Eggs in a Nest

There are a lot of different names for this, but Eggs in a Nest is what my mom always called it. Actually, my mom usually made hers in a muffin pan with the bread pushed into the cup to form a nest, but this is basically the same idea. I found that the use of hearty whole grain bread made it a bit difficult to get into the cup in one piece, so I started doing it this way instead.

Other methods of making this call for a hole to be cut out of the bread with a cookie or biscuit cutter, and for the whole thing to be fried in a pan with loads of grease. I don’t do either of these things and I find it to be much easier.Start by buttering one side of the bread. Place the buttered side down on a cookie sheet (you can grease the cookie sheet, but I find that if I just slide the bread around a bit, it greases the spot underneath it just fine), and poke a hole in the middle of the bread. Using your fingers, squish the bread in the center towards the outer crust evenly in all directions, creating a nice egg-sized hole. Break an egg into the hole you’ve made. Sprinkle with salt and pepper and then top with grated cheese. You can use any kind of cheese, but I particularly like cheddar with a bit of freshly grated parmesan (I used part skim mozzarella with just a little bit of cheddar today). Bake for about 15 minutes at 350 degrees (depending on how soft you like your yolks). My kids love to eat this for breakfast because they can eat it with their hands. Serve with a little ketchup or salsa (which turned out wonderfully despite my concerns) on the side, or dunk them into a pool of Frank’s Red Hot (my personal favorite).

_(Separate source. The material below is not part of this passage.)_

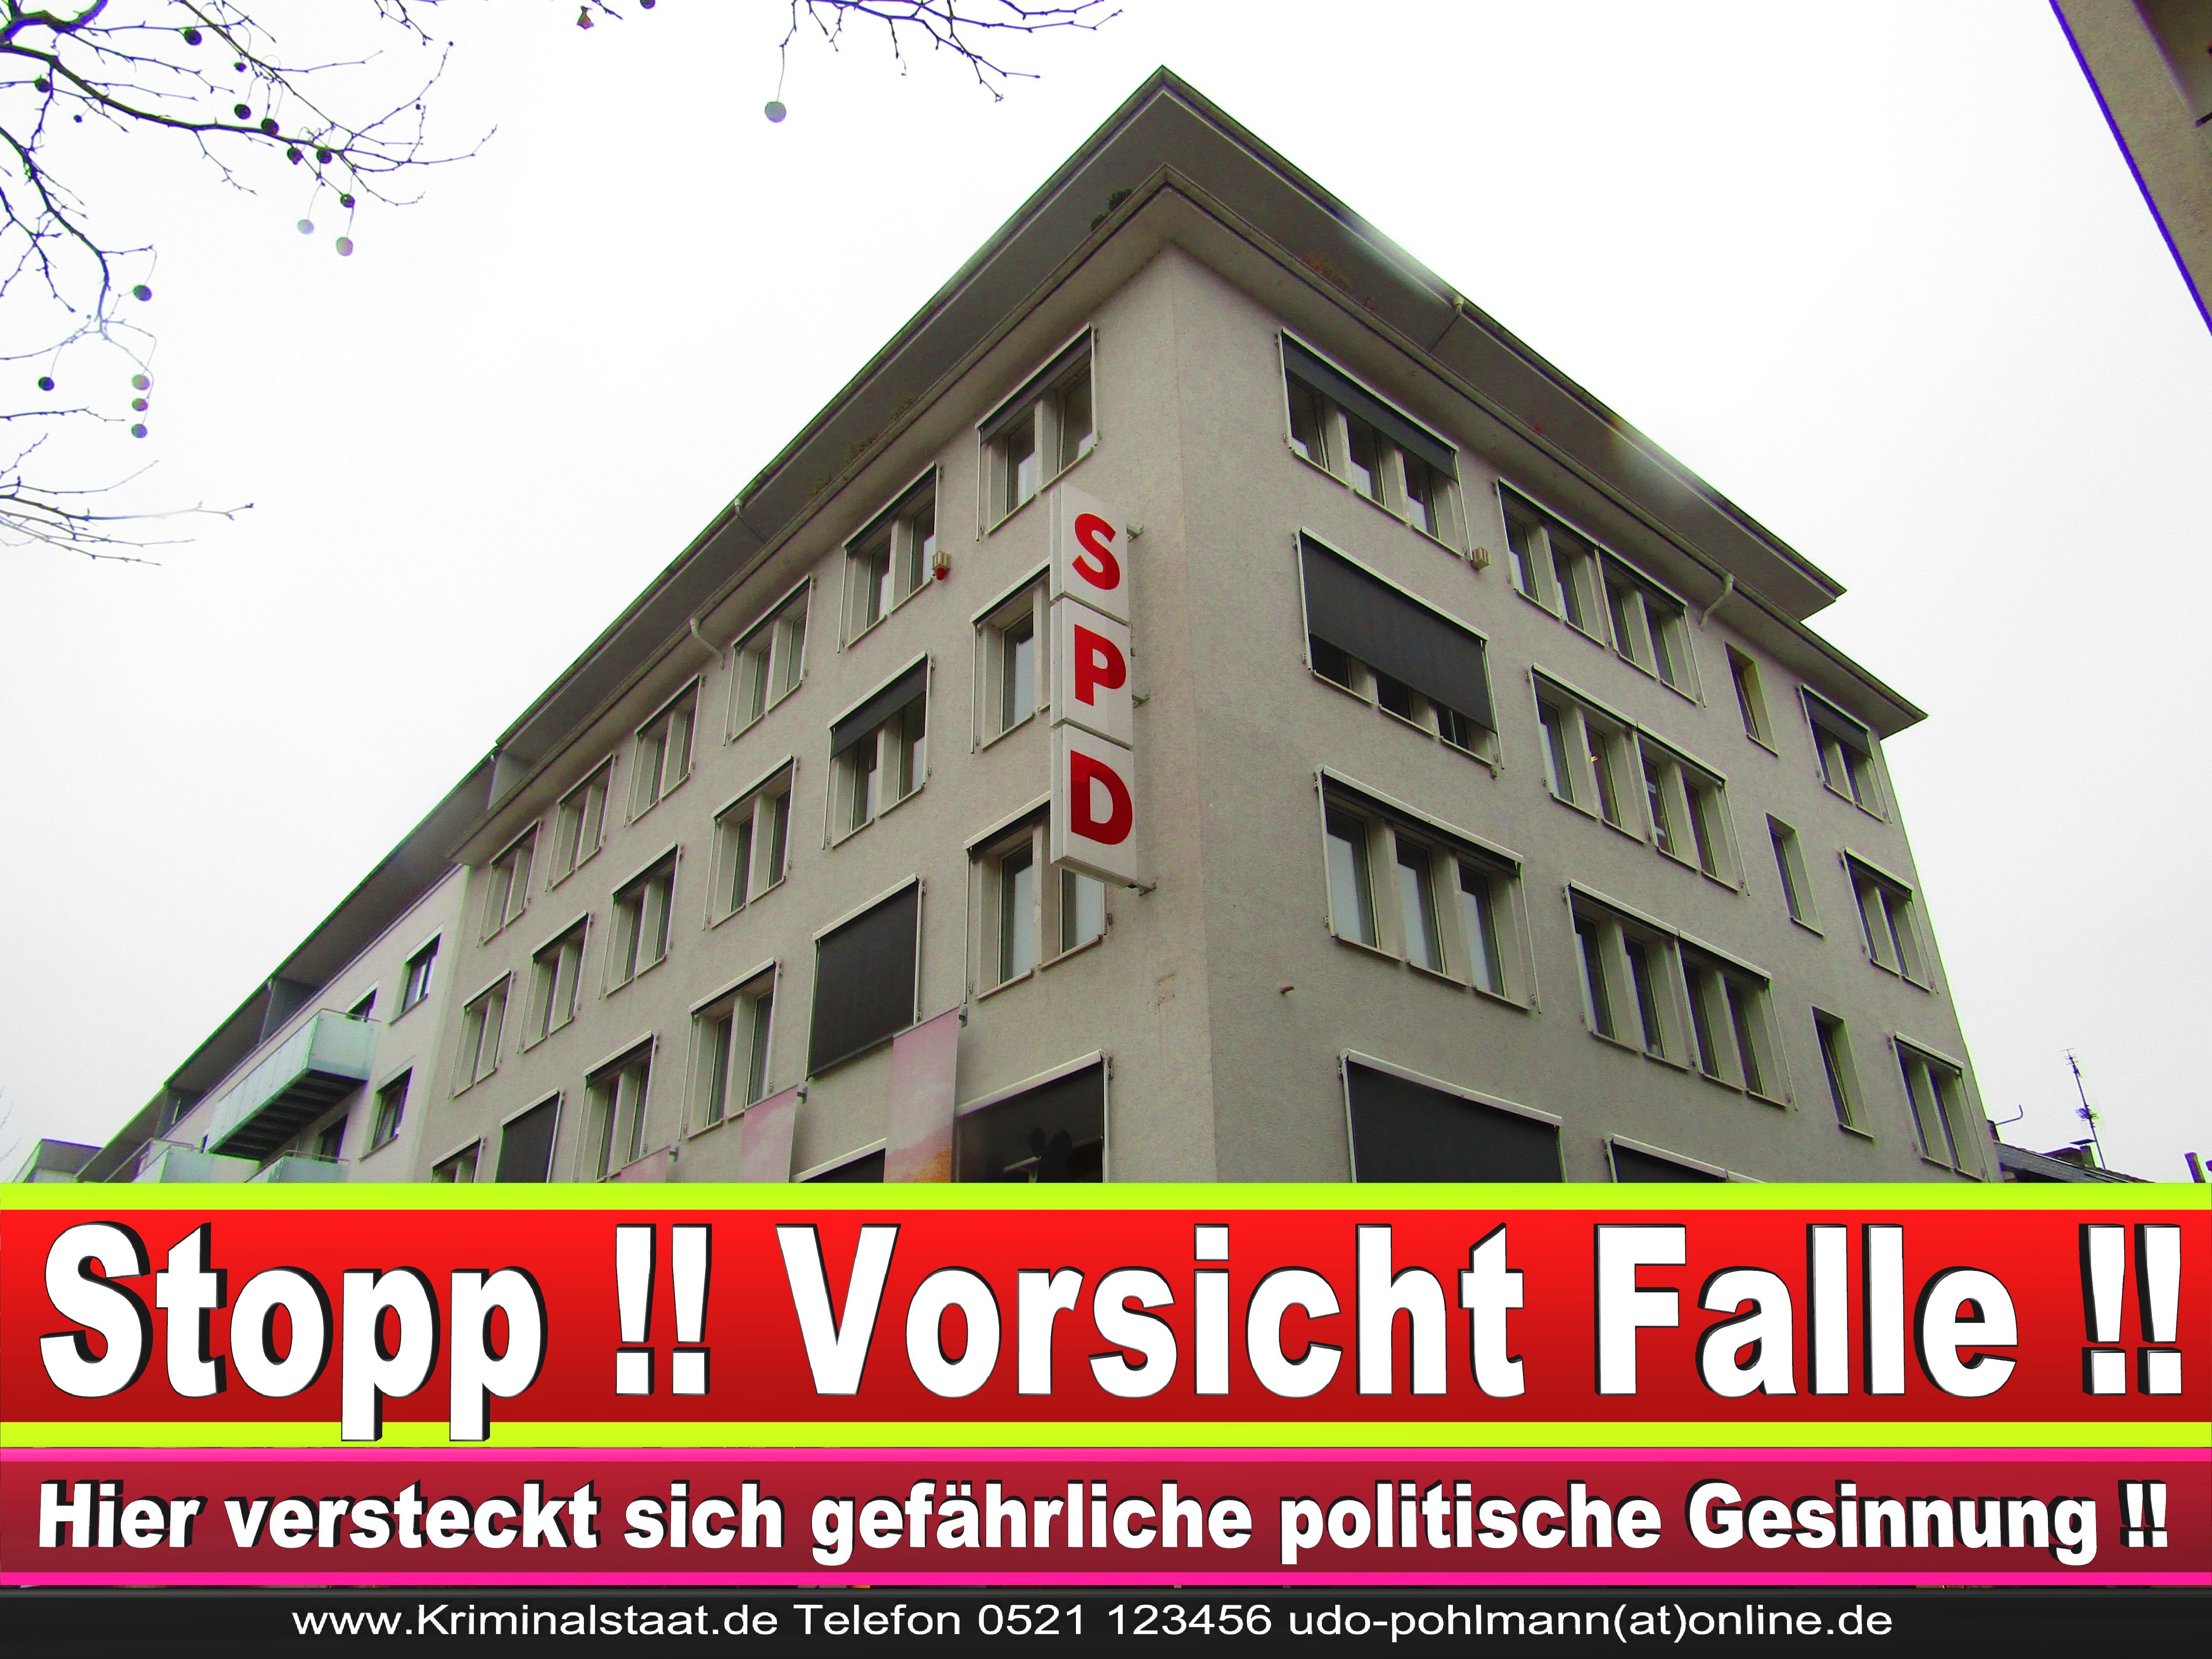 SPD DORTMUND BüRGERBüRO SPD ORTSVERBAND RAT STADT RATSMITGLIEDER SPD FRAKTION GESCHäFTSSTELLE SPD NRW ADRESSE (17) 1 1

9 thoughts on “Eggs in a Nest”

  • Great idea not to use so much grease. Fun to make too. OH — I made the Laurel’s Kitchen oatmeal bread. MMMM. Very very nice taste. Not quite as dense as the whole wheat variety in the book. Very nice. I picked up a used copy of the Farmhouse Cookbook and can’t wait to read through that! The old adage: so many books, so little time. (so much yarn, so little time….so much fabric, so little time! and on and on!!!)

  • We called them “toad-in-the-holes” and we used a measuring cup or small juice glass to cut the hole. We’d then butter the hole and the bread and fry both with the egg.


    I still make them on comfort days, though my kids won’t touch them because the yolk is soft.

  • Danielle – We don’t like runny yolks either, so we cook them until the yolks are rock hard and we can pop them out (they’re the dog’s favorite treat!).
    Toad-in-the-hole is a great name too. I’m beginning to think “eggs in a nest” is a little drab!

  • Wow, I have actually never heard of these! What a great way to use up some homemade bread!!! And it looks quick, easy, and pretty nutritious!